Soniox
Docs
Shared concepts

Speaker diarization

Learn how to separate speakers in both real-time and asynchronous processing.

Overview

Soniox Speech-to-Text AI supports speaker diarization — the ability to automatically detect and separate speakers in an audio stream. This allows you to generate speaker-labeled transcripts for conversations, meetings, interviews, podcasts, and other multi-speaker scenarios — without any manual labeling or extra metadata.


What is speaker diarization?

Speaker diarization answers the question: Who spoke when?

When enabled, Soniox automatically detects speaker changes and assigns each spoken segment to a speaker label (e.g., Speaker 1, Speaker 2). This lets you structure transcripts into clear, speaker-attributed sections.

Example

Input audio:

How are you? I am fantastic. What about you? Feeling great today. Hey everyone!

Output with diarization enabled:

Speaker 1: How are you?
Speaker 2: I am fantastic.

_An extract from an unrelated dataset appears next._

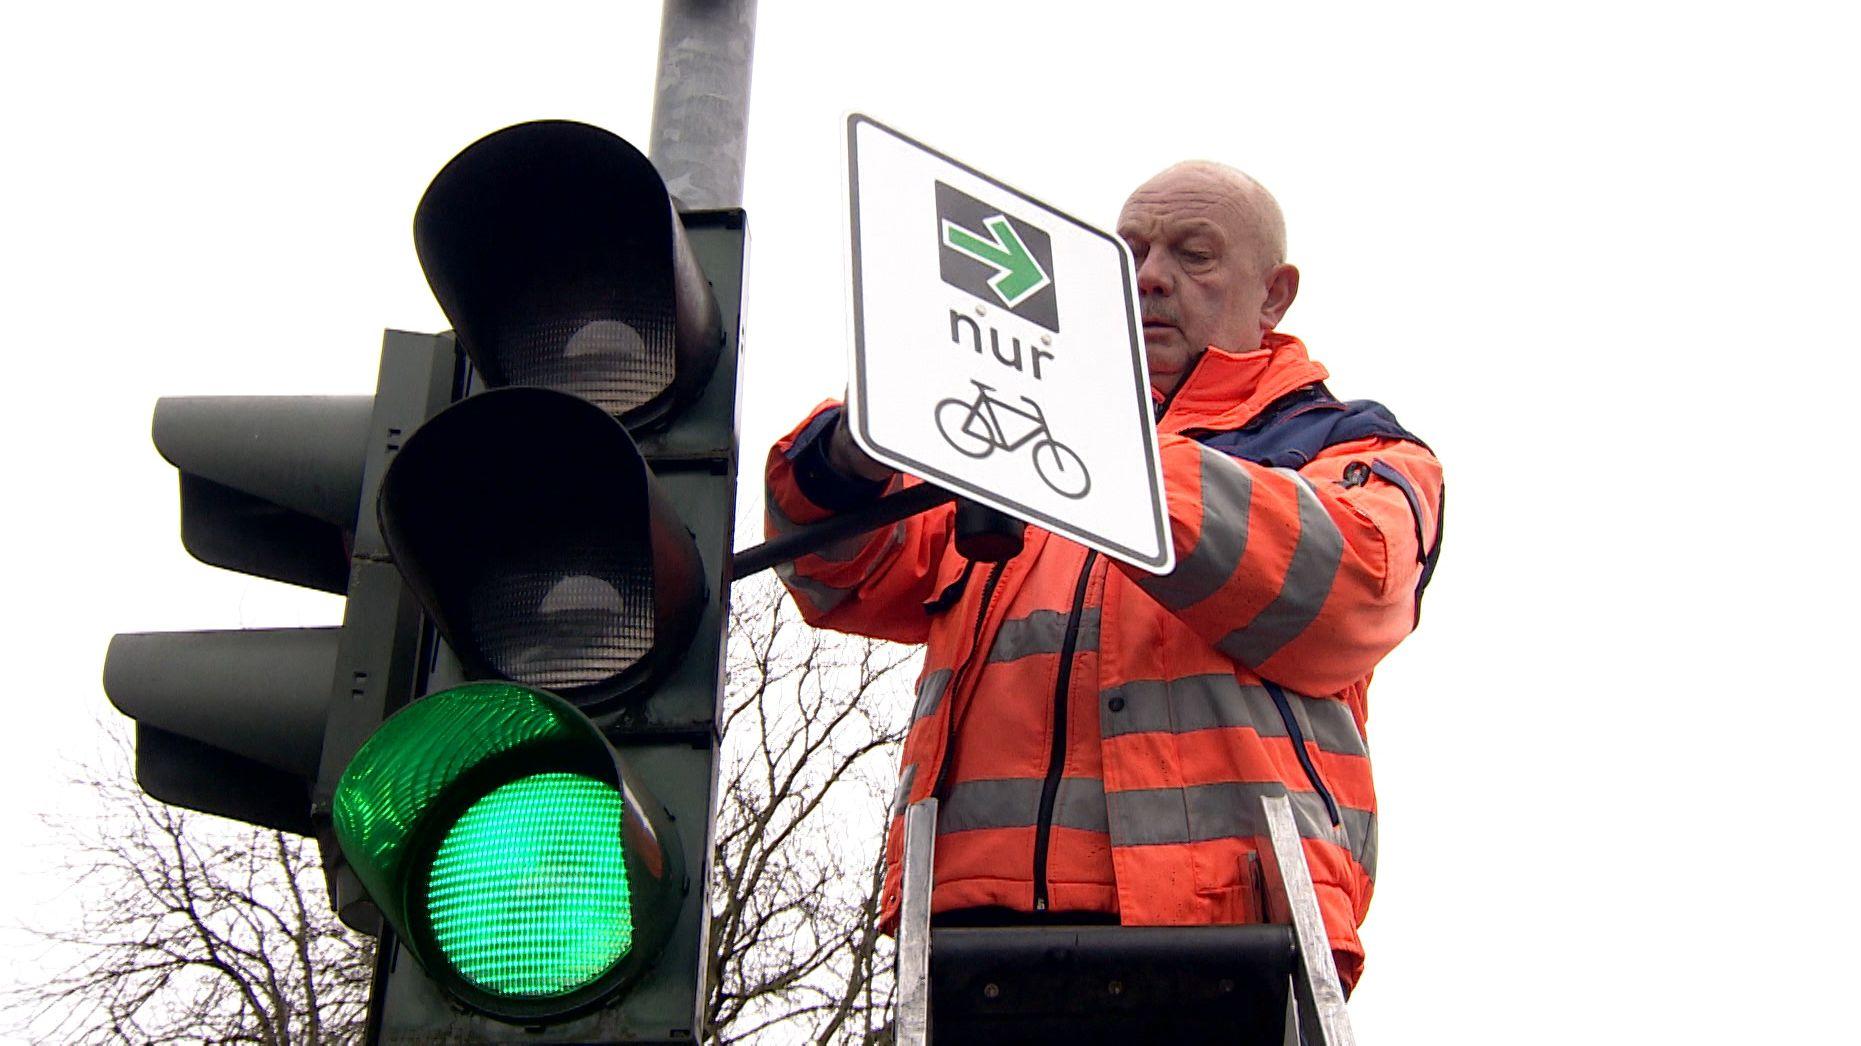 Grüner Pfeil für Radfahrer wird montiert

What about you?
Speaker 1: Feeling great today.
Speaker 3: Hey everyone!

How to enable speaker diarization

Enable diarization by setting this parameter in your API request:

{
  "enable_speaker_diarization": true
}

Output format

When speaker diarization is enabled, each token includes a speaker field:

{"text": "How",    "speaker": "1"}
{"text": " are",   "speaker": "1"}
{"text": " you",   "speaker": "1"}
{"text": "?",      "speaker": "1"}
{"text": "I",      "speaker": "2"}
{"text": " am",    "speaker": "2"}
{"text": " fan",   "speaker": "2"}
{"text": "tastic", "speaker": "2"}
{"text": ".",      "speaker": "2"}

You can group tokens by speaker in your application to create readable segments, or display speaker labels directly in your UI.


Real-time considerations

Real-time speaker diarization is more challenging due to low-latency constraints. You may observe:

  • Higher speaker attribution errors compared to async mode.
  • Temporary speaker switches that stabilize as more context is available.

Even with these limitations, real-time diarization is valuable for live meetings, conferences, customer support calls, and conversational AI interfaces.


Number of supported speakers

  • Up to 15 different speakers are supported per transcription session.
  • Accuracy may decrease when many speakers have similar voice characteristics.

Best practice

For the most accurate and reliable speaker separation, use asynchronous transcription — it provides significantly higher diarization accuracy because the model has access to the full audio context. Real-time diarization is best when you need immediate speaker attribution, but expect lower accuracy due to low-latency constraints.


Supported languages

Speaker diarization is available for all supported languages.